= List of storms named Joan =

The name Joan has been used for one tropical cyclone in the Atlantic Ocean, ten tropical cyclones in the Western Pacific, and two tropical cyclones in the Australian region.

In the Atlantic:
- Hurricane Joan (1988) – passed over the Guajira Peninsula in northern Colombia and northwestern Venezuela before making landfall in Nicaragua. After crossing Central America into the Eastern Pacific, Joan was renamed Miriam.

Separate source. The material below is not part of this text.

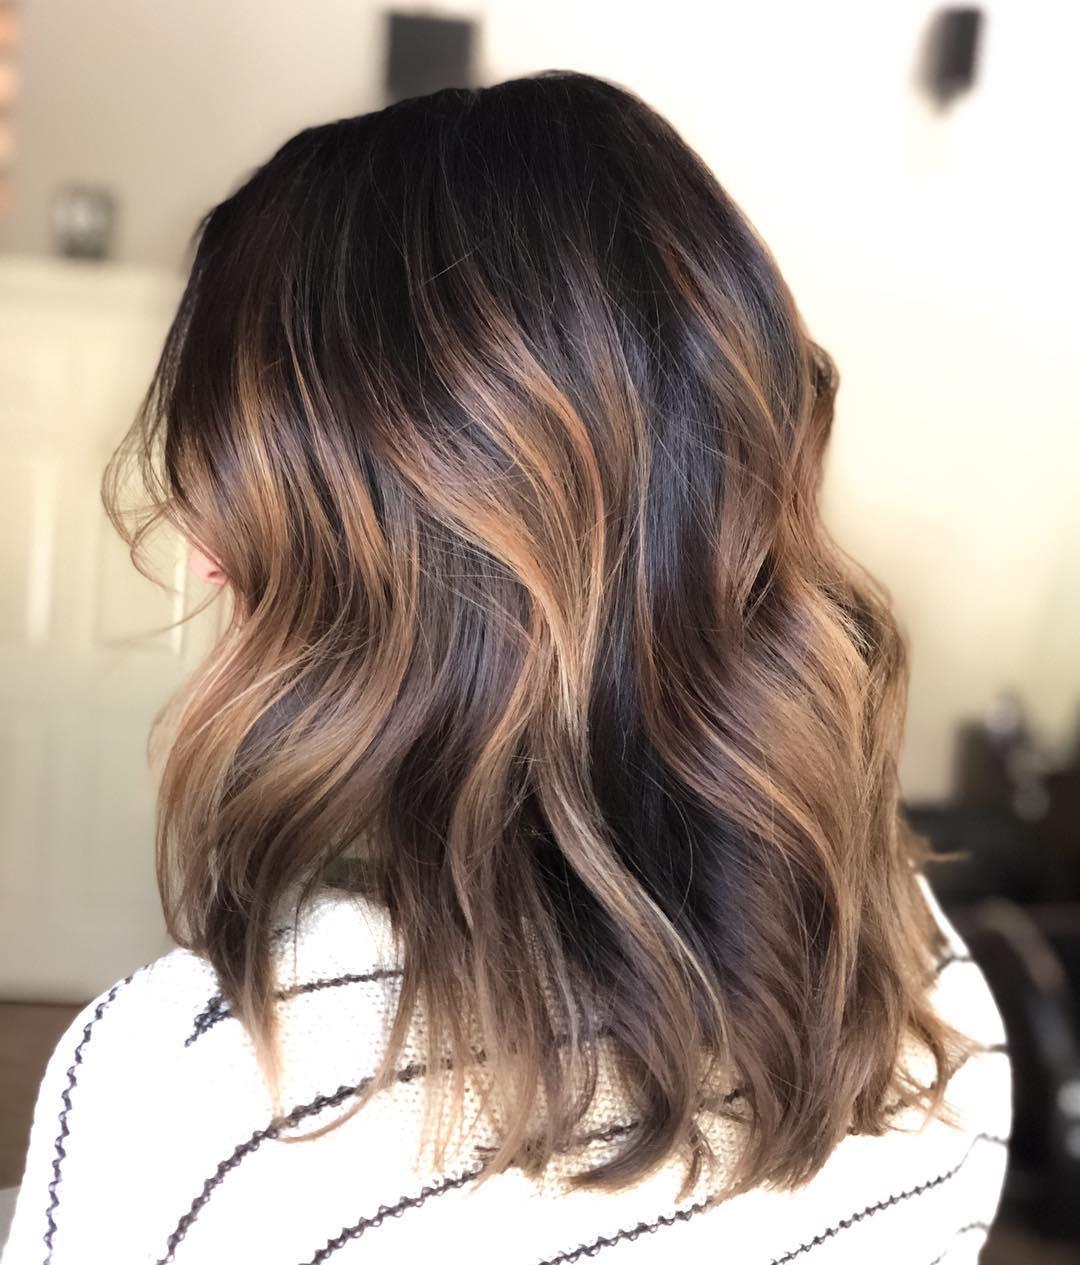 Окрашивание волос зима 2019-2020 фото 13

The name Joan was retired in the Atlantic after the 1988 season, and it was replaced by Joyce for the 1994 season.

In the West Pacific:
- Typhoon Joan (1951) (T5105) – did not affect land.
- Typhoon Joan (1955) (T5520) – did not affect land.
- Typhoon Joan (1959) (T5909, 21W) – a Category 5-equivalent typhoon that made landfall on Taiwan.
- Typhoon Joan (1962) (T6205, 37W) – hit South Korea.
- Tropical Storm Joan (1964) (T6429, 44W) – a relatively weak storm which hit Vietnam and became one of the Western Pacific's deadliest systems, killing at least 7,000 people.
- Tropical Storm Joan (1967) (T6717, 20W) – a long-lived tropical storm that did not affect land.
- Typhoon Joan (1970) (T7019, 21W, Sening) – a powerful and devastating typhoon that impacted southeastern Luzon as a Category 5-equivalent typhoon and eastern Hainan island as a Category 1-equivalent typhoon.
- Tropical Storm Joan (1973) (T7311, 12W, Elang) – approached Taiwan and struck China.
- Typhoon Joan (1976) (T7621, 21W) – did not affect land.
- Typhoon Joan (1997) (T9724, 28W) – passed between Anatahan and Saipan in the Northern Mariana Islands as a Category 5-equivalent typhoon.

In the Australian region:
- Cyclone Joan (1965)
- Cyclone Joan (1975) – a Category 5 severe tropical cyclone that made landfall in Western Australia at peak intensity.

The name Joan was retired in the Australian region after its usage for the 1975 cyclone.

==See also==
- Cyclone Joaninha (2019) – an intense tropical cyclone in the South-West Indian Ocean with a similar name.